Additional features could include:

  • give ratio of bots VS human activity on the website (what percentage of traffic comes from bots VS humans)
  • for a given bot on a given day, list all pages crawled
  • list bot crawling frequency in a new column (next to Visits, Page views, etc.). eg. google can crawl one page every 10s, other bots would crawl one page every 1 min, etc.

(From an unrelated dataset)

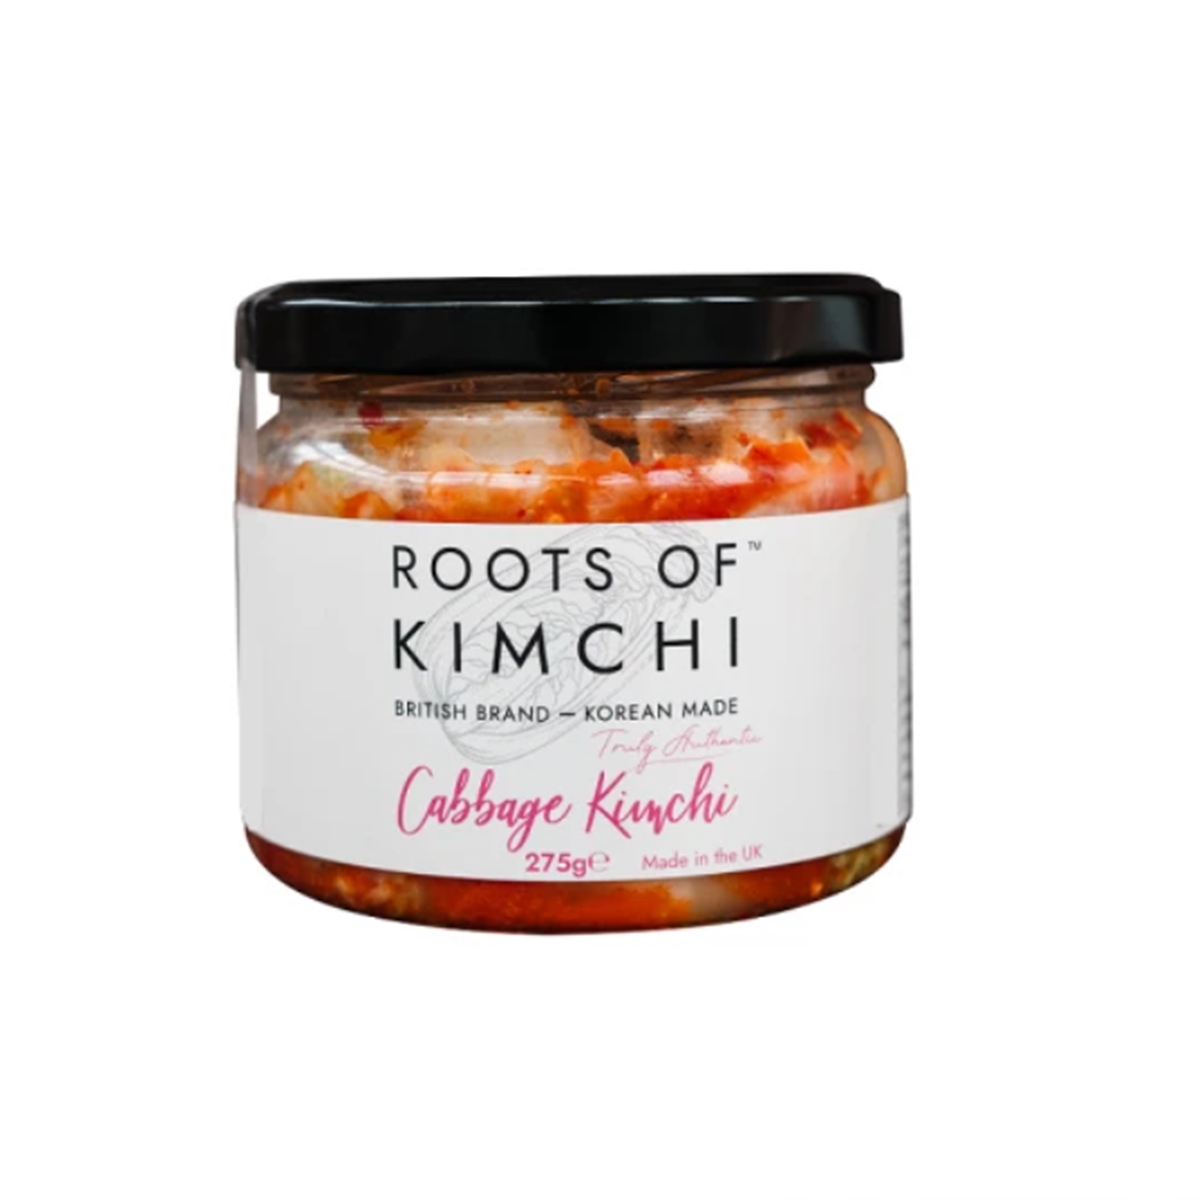 roots of kimchi
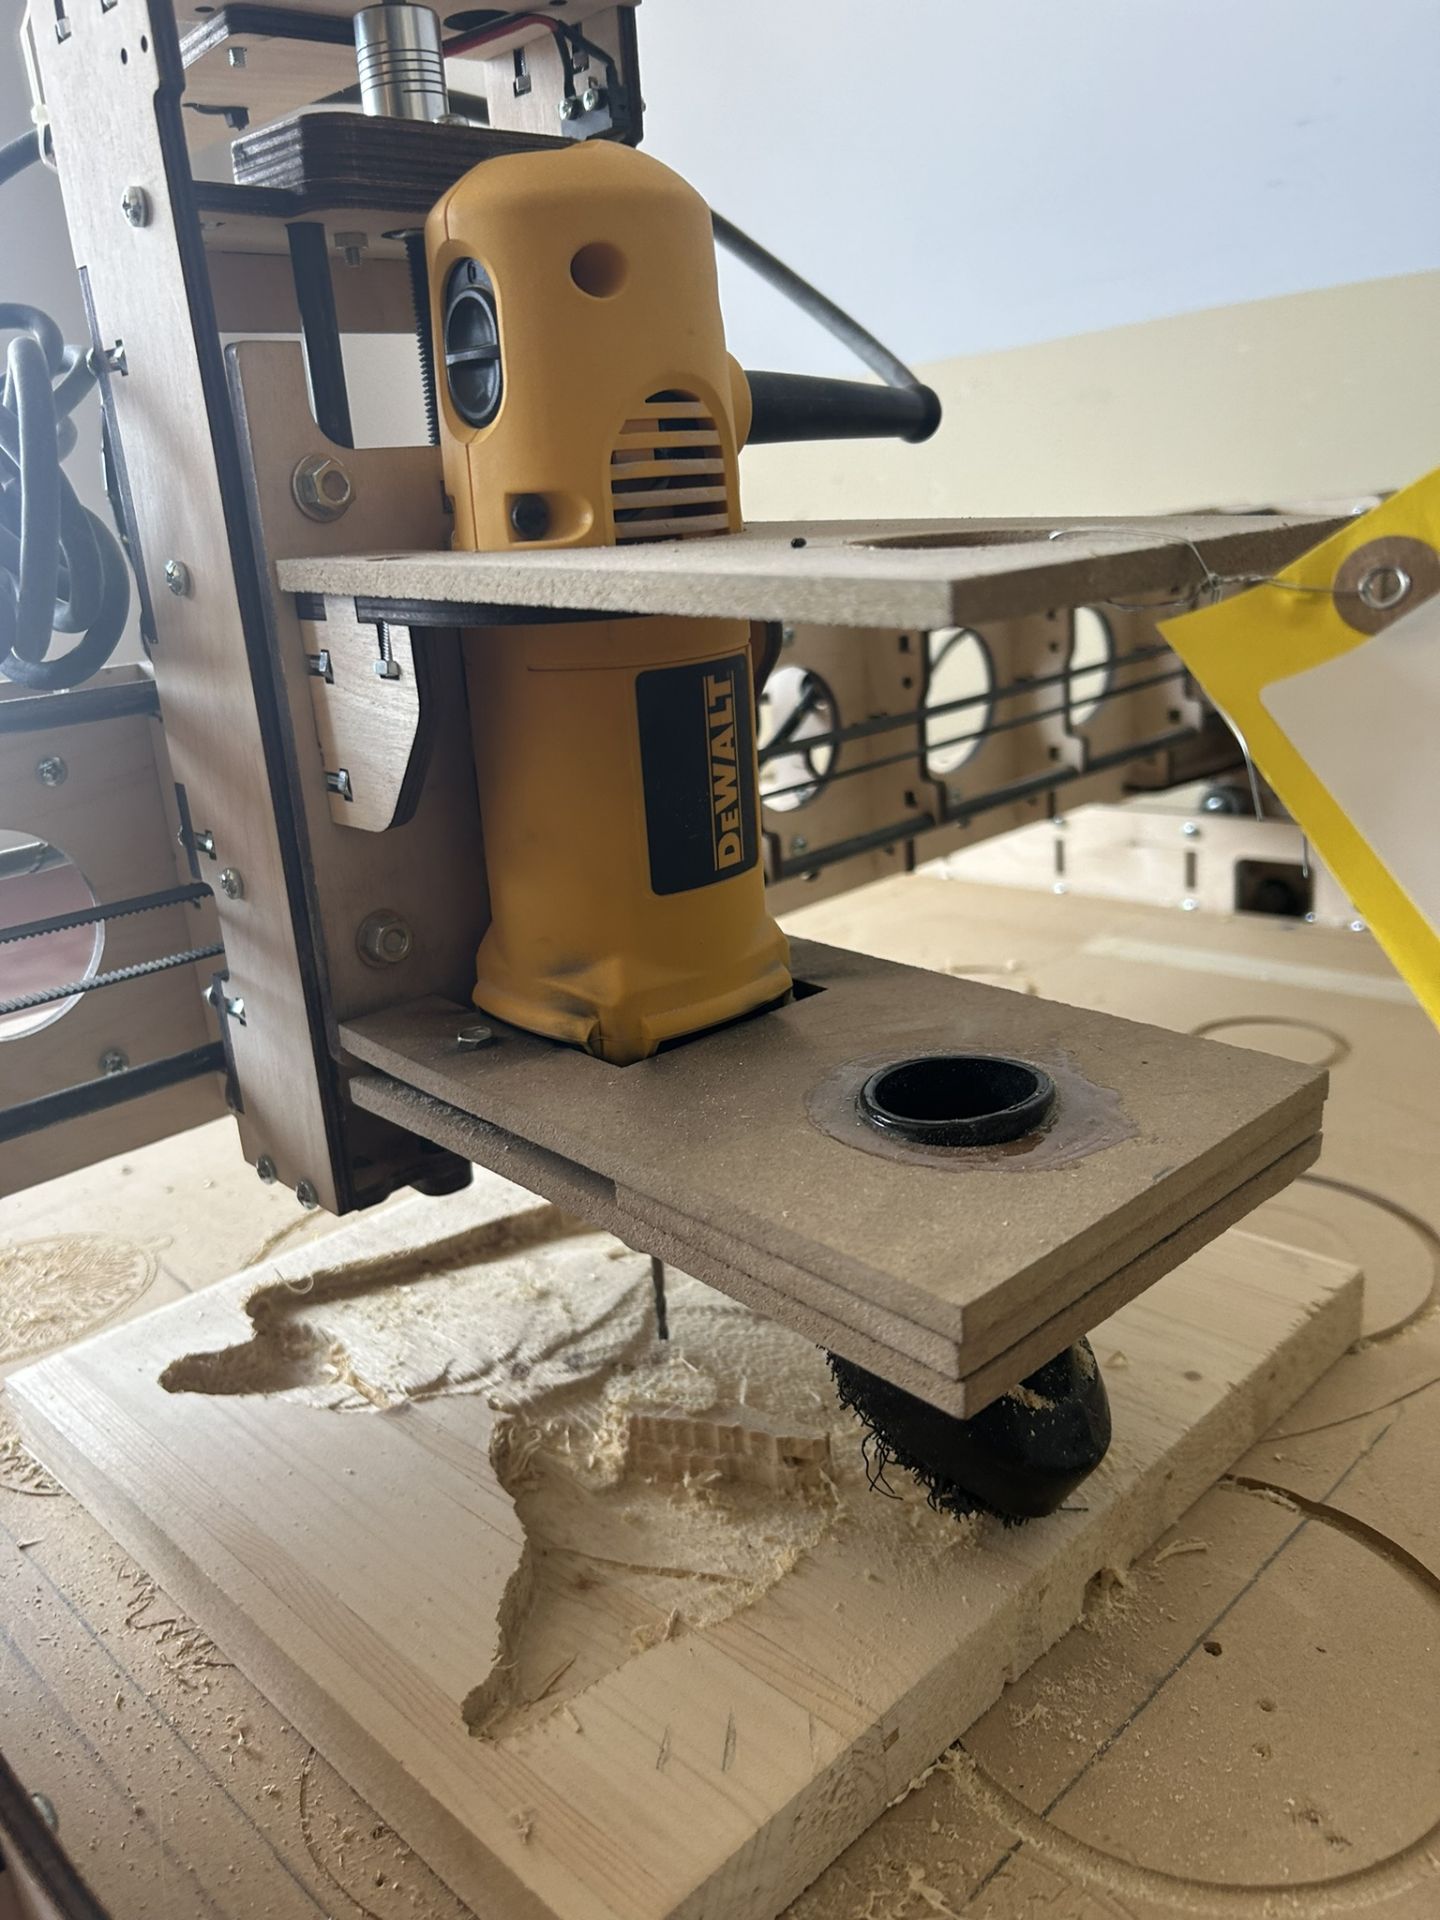 DESKTOP CNC ROUTER W/ DEWALT CUT OUT TOOL 24"X24" AND DUST HOOD (DUST EXTRACTION HOSE NOT INCLUDED) - Image 4 of 16

  Changed 23 months ago by matt

  • priority changed from normal to critical

  Changed 23 months ago by matt

  • description modified (diff)

  Changed 23 months ago by jr-ewing

So i think it would be interesting to track also robots f.e. for big sites. With this feature you can see how many bots a scraping your site. But it make sense to see Googlebot, Msnbot and maybe Slurp (Yahoo) But this should track in a seperatet table with a special plugin - like Live Bots ;-)

In my tool  http://www.spider-trap.de/en_index.html i ban a lot of bad bots. Maybe Piwik can report the webmaster if an bot is crawling.

  Changed 19 months ago by matt

  • status changed from new to closed
  • resolution set to fixed
  • milestone changed from Features requests - after Piwik 1.0 to 1 - Piwik 0.7 - DigitalVibes

The Tracking API has been released, which can help track visitors without Javascript, or even track visits Mobile apps, desktop apps and more.

http://piwik.org/docs/tracking-api/

Note: See TracTickets for help on using tickets.